The keyword scoring works just fine and I can include the view count as a
factor in the scoring, but I would like to somehow express that the view
count accounts for e.g. 25% of the total score. This could be achieved by
mapping the view count into some predetermined fixed range and then
performing suitable arithmetic to scale to the score of the query. The
score of the term query is normalized to queryNorm, so I'd like somehow to
express that the view count score should be normalized to the queryNorm.

If I look at the explain of how the score below is computed, the 17.4 is
the part of the score that comes from term relevancy.
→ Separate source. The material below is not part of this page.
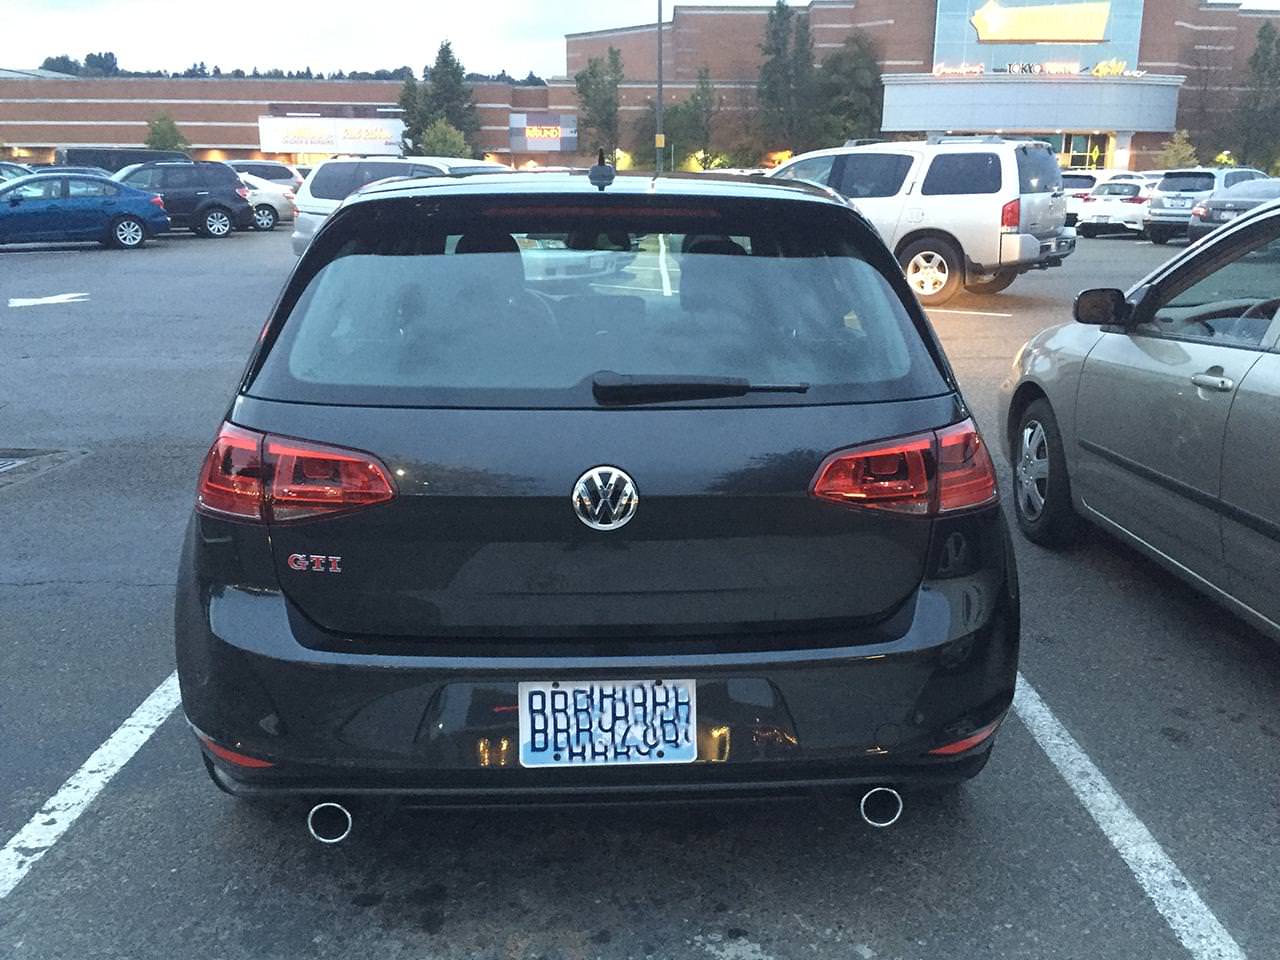 Finally joined the Golf gang! 2017 MK7 GTI Sport in Carbon Steel

Searching for another
(set of) terms yields a different queryNorm, so I can't see how I can
a-priori pick a scaling function (I've used log for this example) and boost
factor that will give control of the final contribution of the view count
to the score.

19.14161 = (MATCH) sum of:
  17.403849 = (MATCH) max plus 0.1 times others of:
    16.747877 = (MATCH) weight(document:water^4.0 in 1076362), product of:
      0.22298127 = queryWeight(document:water^4.0), product of:
        4.0 = boost
        2.939238 = idf(docFreq=527730, maxDocs=3669552)
        0.018965907 = queryNorm
      75.108894 = (MATCH) fieldWeight(document:water in 1076362), product
of:
        25.553865 = tf(termFreq(document:water)=653)
        2.939238 = idf(docFreq=527730, maxDocs=3669552)
        1.0 = fieldNorm(field=document, doc=1076362)
[snip]
  1.7377597 = (MATCH) FunctionQuery(log(map(int(views),0.0,0.0,1.0))),
product of:
    1.8325089 = log(map(int(views)=68,min=0.0,max=0.0,target=1.0))
    50.0 = boost
    0.018965907 = queryNorm

Thanks in advance for your help,
/Martin

Re: Comparing apples & oranges?

Posted by Erick Erickson <er...@gmail.com>.
What about Function Queries? They can essentially take field values
and use them as part of the score calculations....

Best
Erick

On Fri, Nov 4, 2011 at 6:28 AM, Martin Koch <ma...@issuu.com> wrote:
> Hi List
>
> I have a solr index where I want to include numerical fields in my ranking
> function as well as keyword relevance. For example, each document has a
> document view count, and I'd like to increase the relevancy of documents
> that are read often, and penalize documents with a very low view count. I'm
> aware that this could be achieved with a filter as well, but ignore that
> for this question :) since this will be extended to other numerical fields.
>
> The keyword scoring works just fine and I can include the view count as a
> factor in the scoring, but I would like to somehow express that the view
> count accounts for e.g. 25% of the total score. This could be achieved by
> mapping the view count into some predetermined fixed range and then
> performing suitable arithmetic to scale to the score of the query. The
> score of the term query is normalized to queryNorm, so I'd like somehow to
> express that the view count score should be normalized to the queryNorm.
>
> If I look at the explain of how the score below is computed, the 17.4 is
> the part of the score that comes from term relevancy. Searching for another
> (set of) terms yields a different queryNorm, so I can't see how I can
> a-priori pick a scaling function (I've used log for this example) and boost
> factor that will give control of the final contribution of the view count
> to the score.
>
> 19.14161 = (MATCH) sum of:
>  17.403849 = (MATCH) max plus 0.1 times others of:
>    16.747877 = (MATCH) weight(document:water^4.0 in 1076362), product of:
>      0.22298127 = queryWeight(document:water^4.0), product of:
>        4.0 = boost
>        2.939238 = idf(docFreq=527730, maxDocs=3669552)
>        0.018965907 = queryNorm
>      75.108894 = (MATCH) fieldWeight(document:water in 1076362), product
> of:
>        25.553865 = tf(termFreq(document:water)=653)
>        2.939238 = idf(docFreq=527730, maxDocs=3669552)
>        1.0 = fieldNorm(field=document, doc=1076362)
> [snip]
>  1.7377597 = (MATCH) FunctionQuery(log(map(int(views),0.0,0.0,1.0))),
> product of:
>    1.8325089 = log(map(int(views)=68,min=0.0,max=0.0,target=1.0))
>    50.0 = boost
>    0.018965907 = queryNorm
>
> Thanks in advance for your help,
> /Martin
>